As countries observe World Logic Day on Friday, experts say a blessing in disguise came for the southern African country of Zimbabwe during the COVID-19 pandemic, when schools were shuttered for most of the time.
Instead of pursuing an annual examination system, the country introduced a new system based on students’ reasoning, logic, and critical thinking skills, thus opening a new chapter in the country’s education system.
Logic, based on the principles of reasoning, has been studied by many civilizations throughout history and played an important role in the development of philosophy and science.
In 2019, UNESCO proclaimed Jan. 14 to be World Logic Day, as that date coincidentally marks the anniversary of both the death of Kurt Godel and the birthday of Alfred Tarski, two of the most prominent logicians of the 20th century.
Speaking to Anadolu Agency, Paul Mapfumo, vice chancellor of the University of Zimbabwe, said innovation, creativity, and design thinking that stimulate logic are necessary for the country’s development.
“We normally say logic comes to the same, which means the same kind of solution while solving problems. It doesn’t matter where you are geographically but if we’re using the same logic, then we will arrive at the same answer,” Mapfumo said.
He linked the country’s introduction of continuous assessment to test the students in pandemic times as an example of promoting logic.
Continuous assessment learning activities (CALA) is a form of testing students by evaluating their progress in various disciplines throughout the course, rather than assessing them by sitting in a single exam.
“The argument is that the government is advancing a philosophy, a policy that supports the use of logic in schools, and the obvious example is the launch of innovation hubs, industrial parks in universities. This has stimulated the private sector to have its hub, meaning we have a convergence of a nation under one vision to promote logic,” said Mapfumo.
Gains for engineers
He said the introduction of continuous assessment learning activities has brought gains to engineers, as it helps them maintain the required skills and promote standards relevant to the industry.
According to Thami Mpala, head of the Zimbabwe Institution of Engineers, the introduction of logic has raised the character and status of the engineering profession, while ensuring that practicing engineers continuously develop their skills to come up with sustainable, innovative engineering solutions.
“Therefore, the use of logic and critical thinking are very important aspects to help develop such skills for engineers in an ever-changing world,” he added.
Students also maintain that the introduction of CALA has helped them to face challenges and undertake research and get exposed to reasoning rather than just memorizing to pass their tests.
“The introduction of CALA helped me a lot as I was presented with challenges to solve and during my research,” said Vanessa Phiri, a student.
“I ended up getting extra information that I also found useful in answering my commerce final examination papers.”
She added: “It pushed me to think critically and exposed me to data by several scholars besides the authors of our school books on various topics.”

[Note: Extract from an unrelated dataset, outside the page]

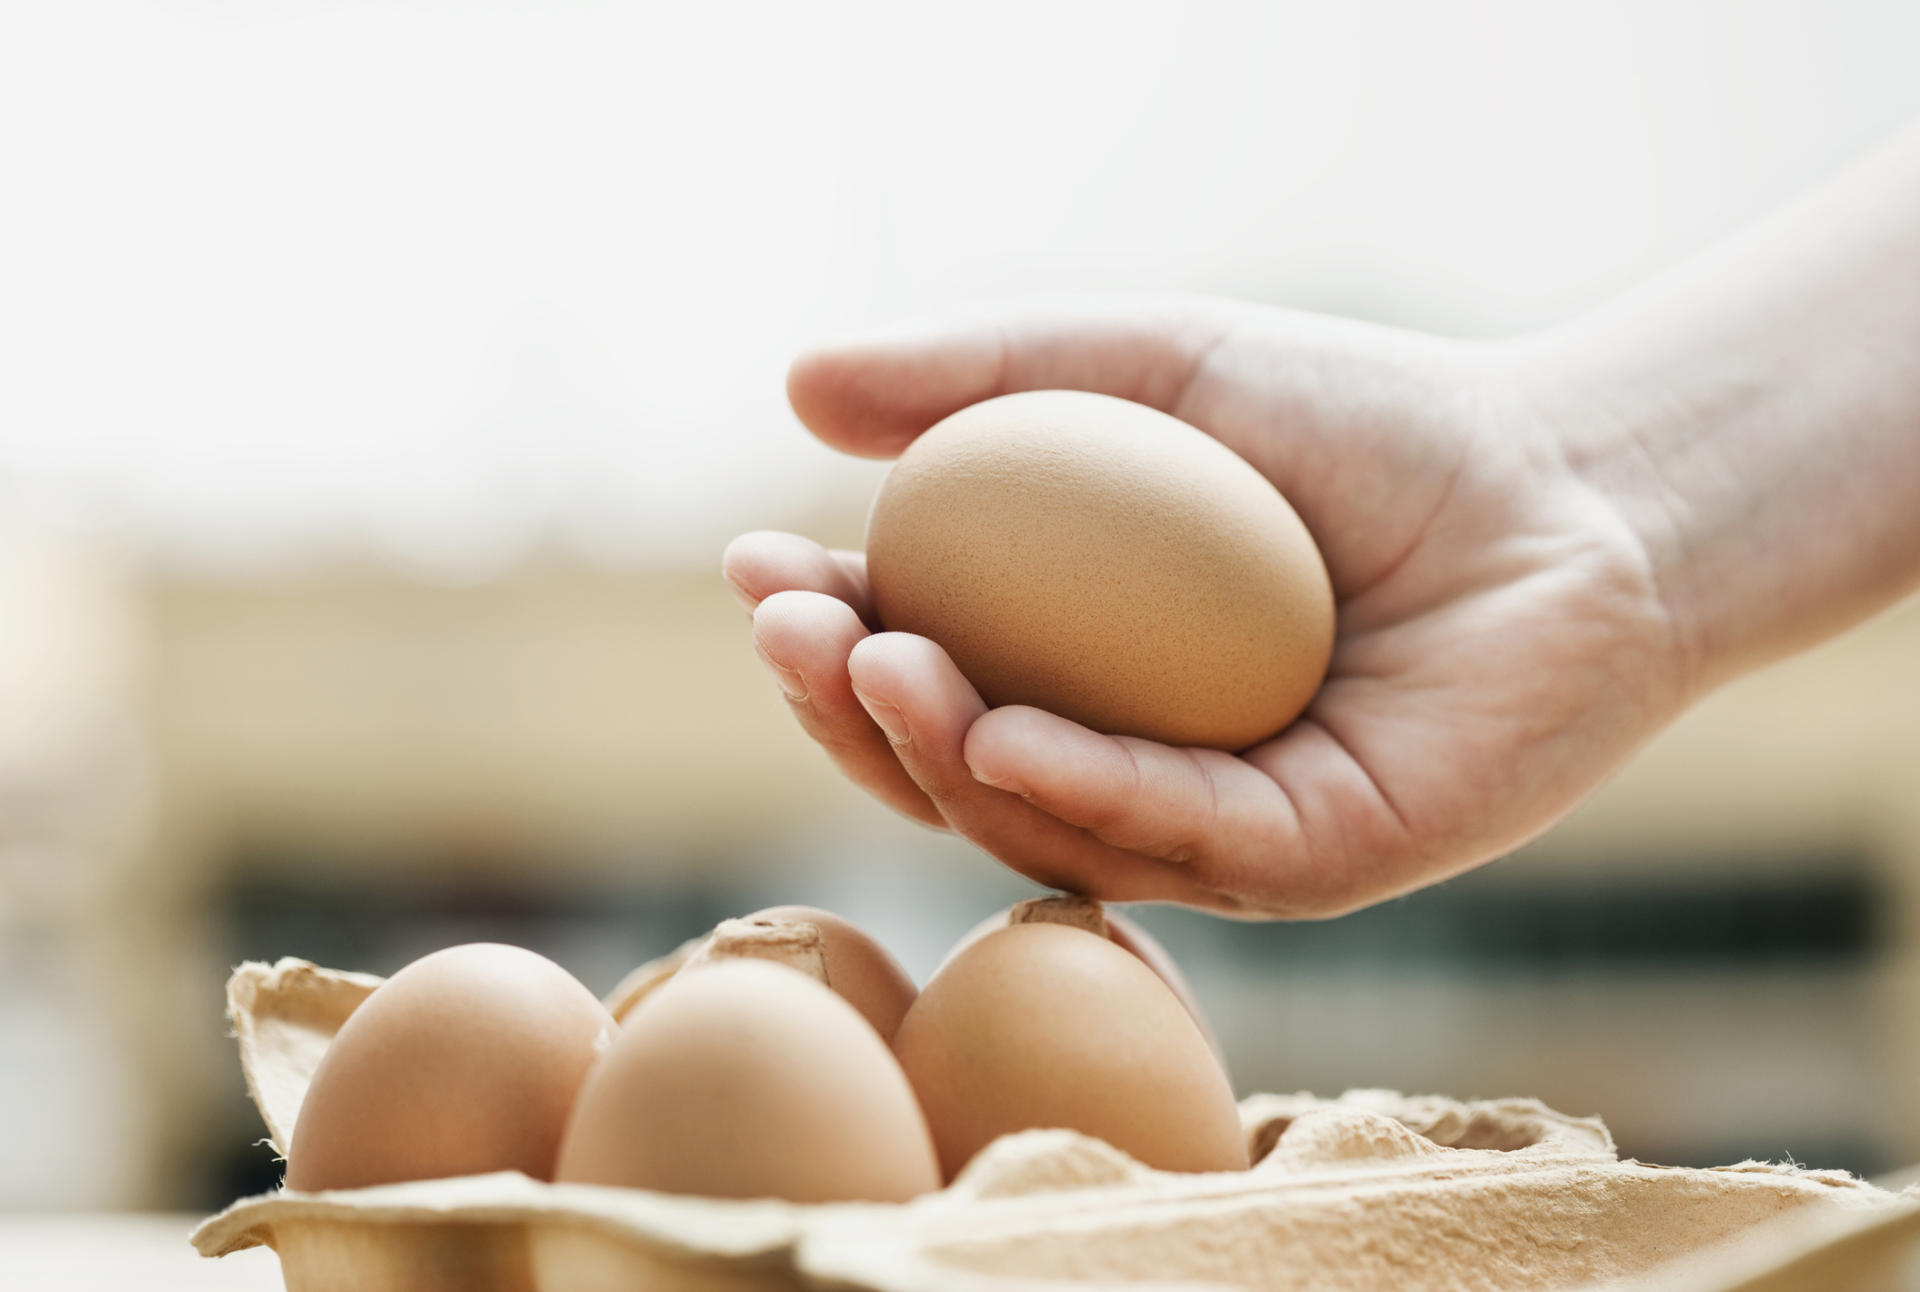 Un œuf marron repose délicatement dans une main au-dessus d’une boîte contenant d’autres œufs.

Ruvimbo Bvindi, another student in Harare, Zimbabwe’s capital, also commended the introduction of CALA, saying he had taken exams in 10 subjects.
“I discovered that what I researched and presented during the CALA gave me the impetus to think critically and answer final exam questions that required explanation in all the subjects,” said Bvindi.
When the use of continuous assessment was first introduced last March, it faced opposition from various quarters, including teachers.
“Our teachers told us that there was no time for assessment during the year owing to COVID-19 lockdowns,” said Tedious Jack, a secondary school student.
“But the government insisted, and then we realized this was a very important learning program, as it enhances the use of logic.”